Range to repeat from the listing below: the line containing "Sonic Adventure 2 cover image" down to the line containing "Q-Logic 59021-05 manual Fabric Security", both included. Copy it exactly, pictures excluded, and add nothing else.

Supplied information:
########################################

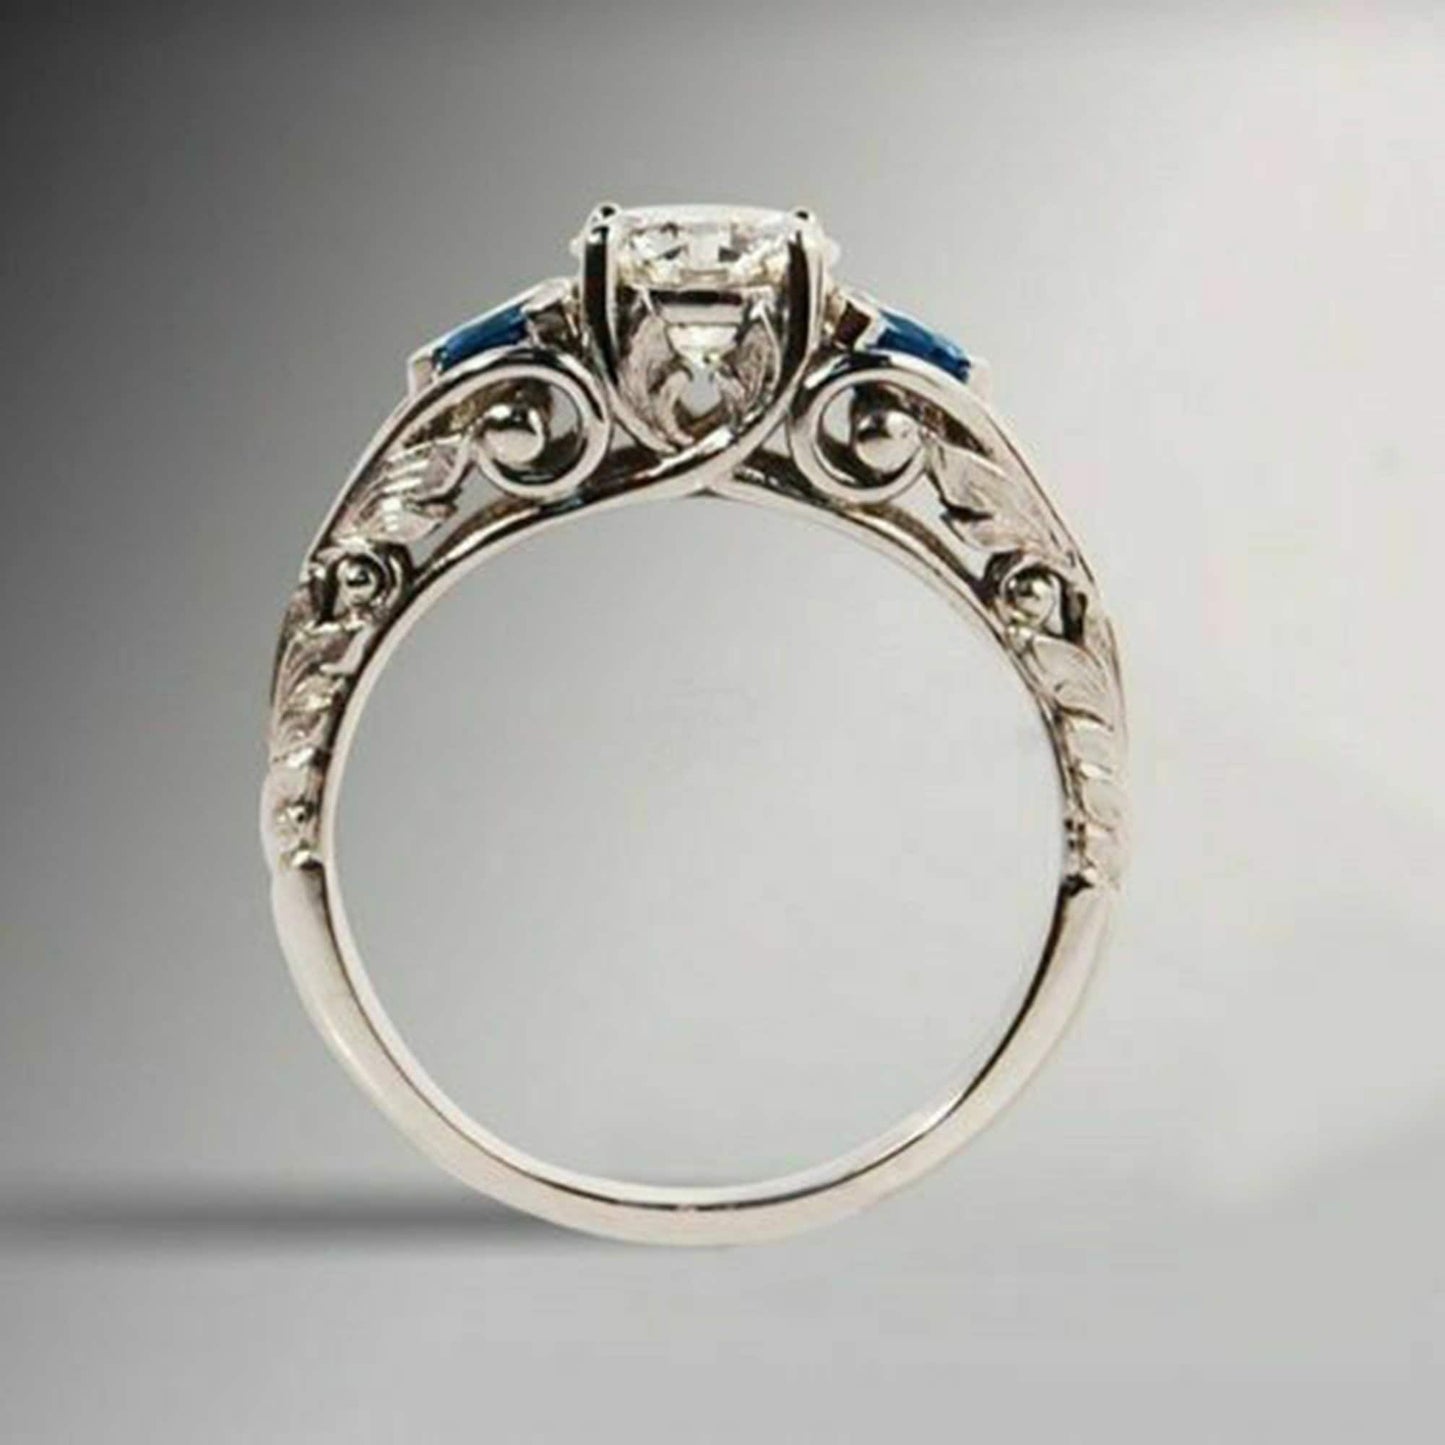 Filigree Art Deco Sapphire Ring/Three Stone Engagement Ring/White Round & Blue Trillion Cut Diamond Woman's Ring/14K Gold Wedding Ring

########################################

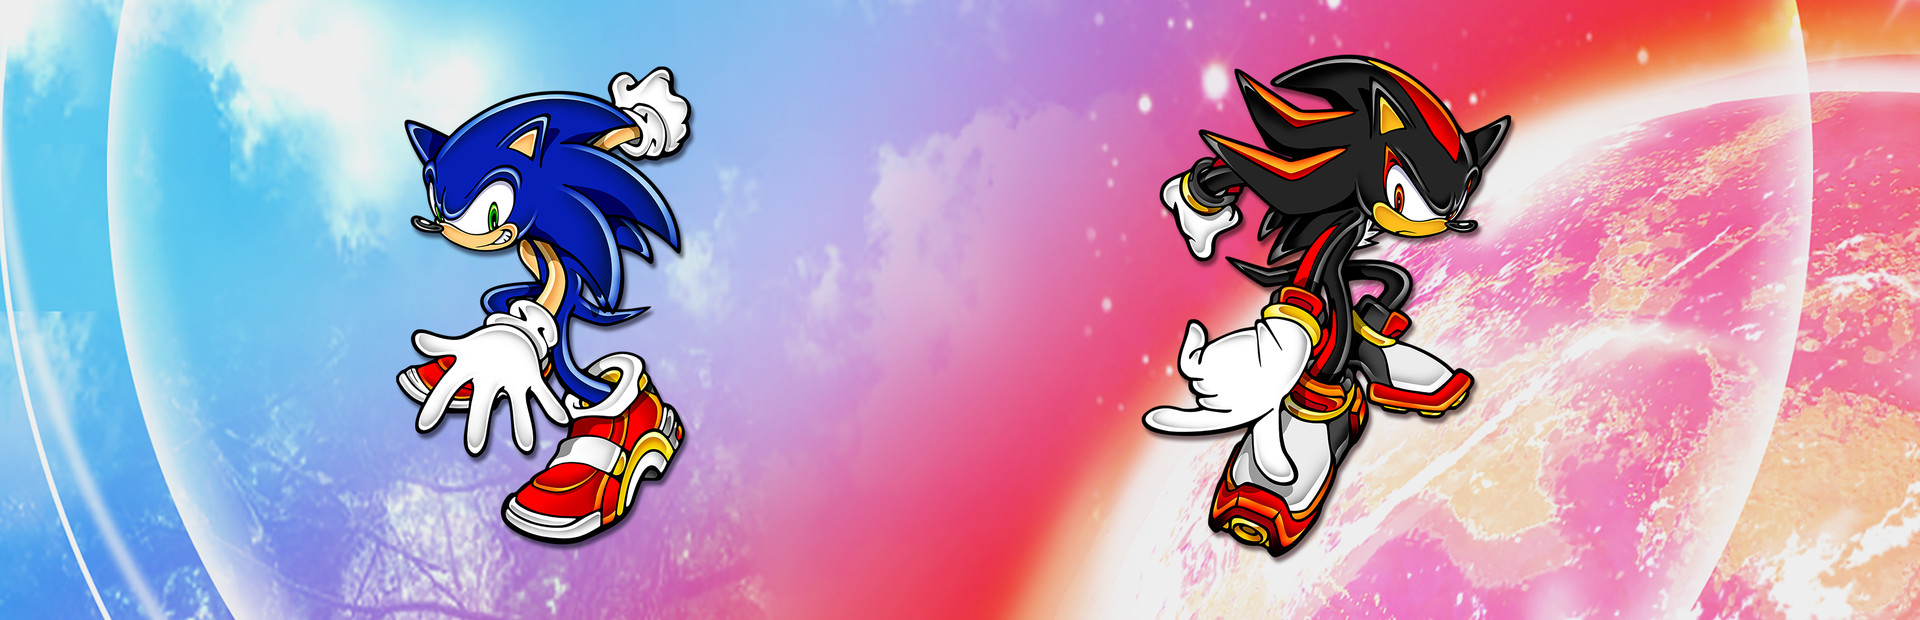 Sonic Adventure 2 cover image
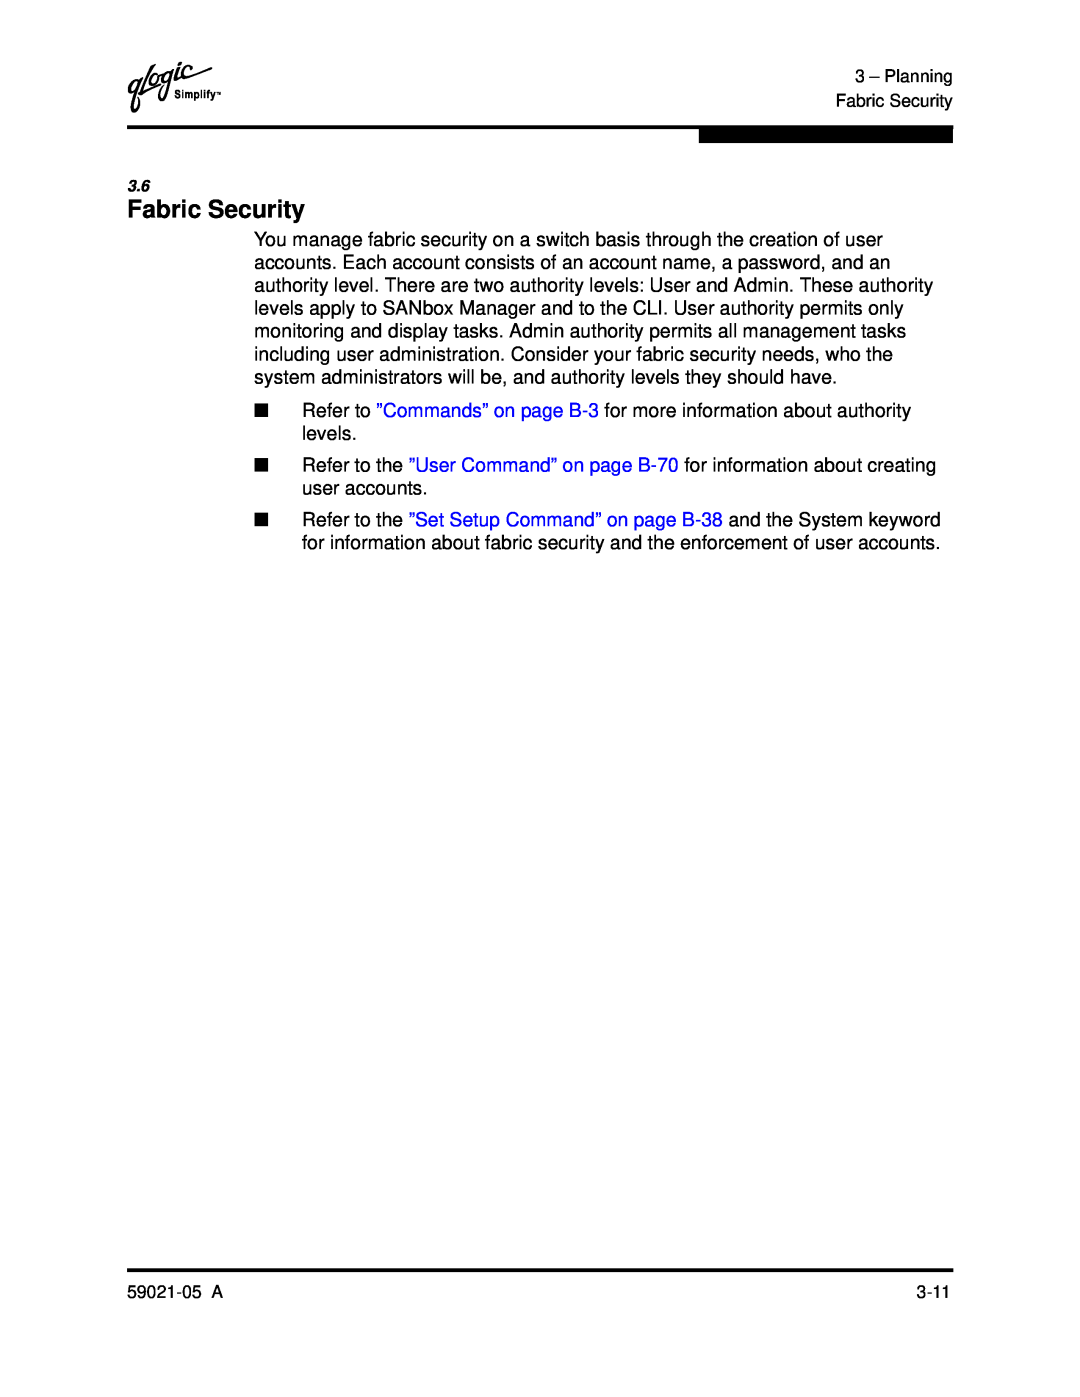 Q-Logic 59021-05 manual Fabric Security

########################################

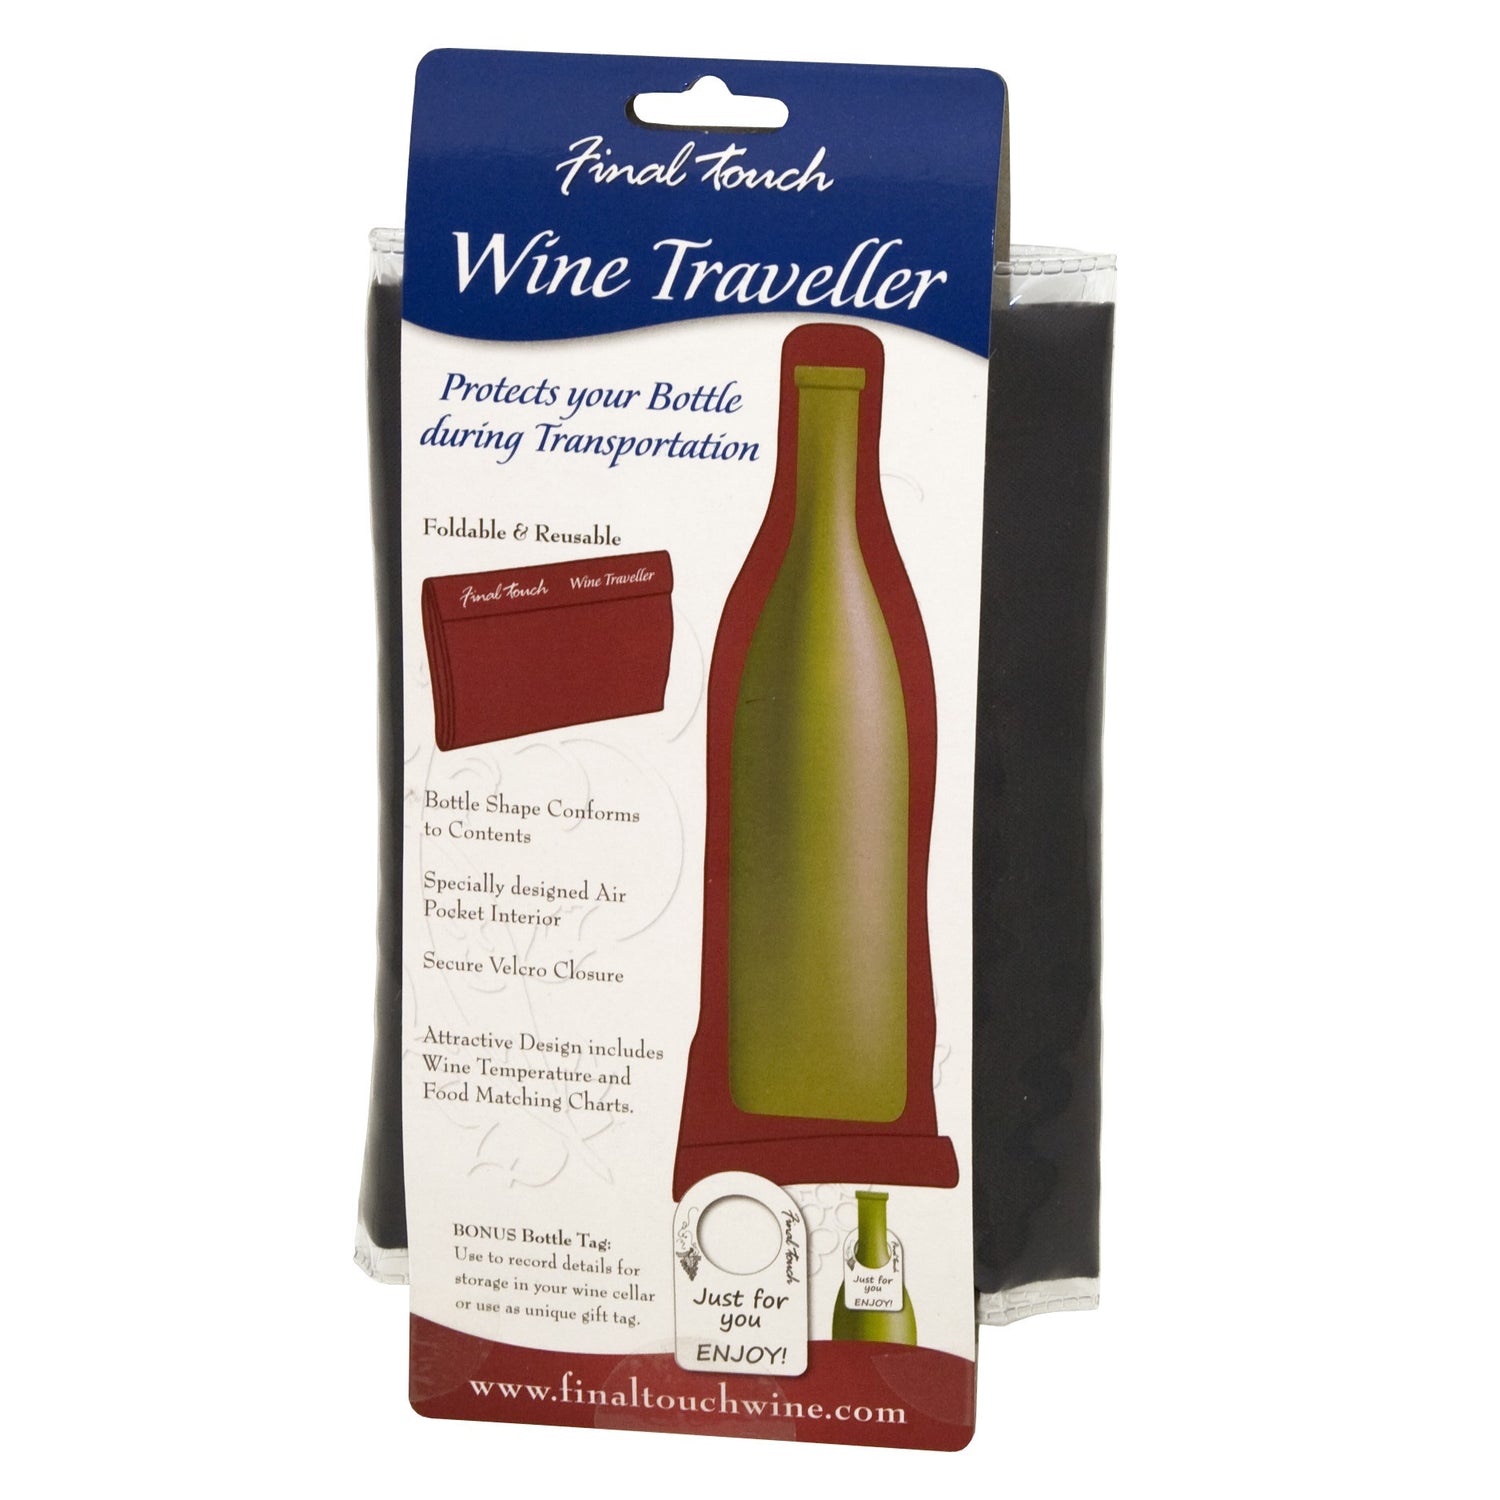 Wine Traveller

########################################

Result of the exercise:
 Sonic Adventure 2 cover image
 Q-Logic 59021-05 manual Fabric Security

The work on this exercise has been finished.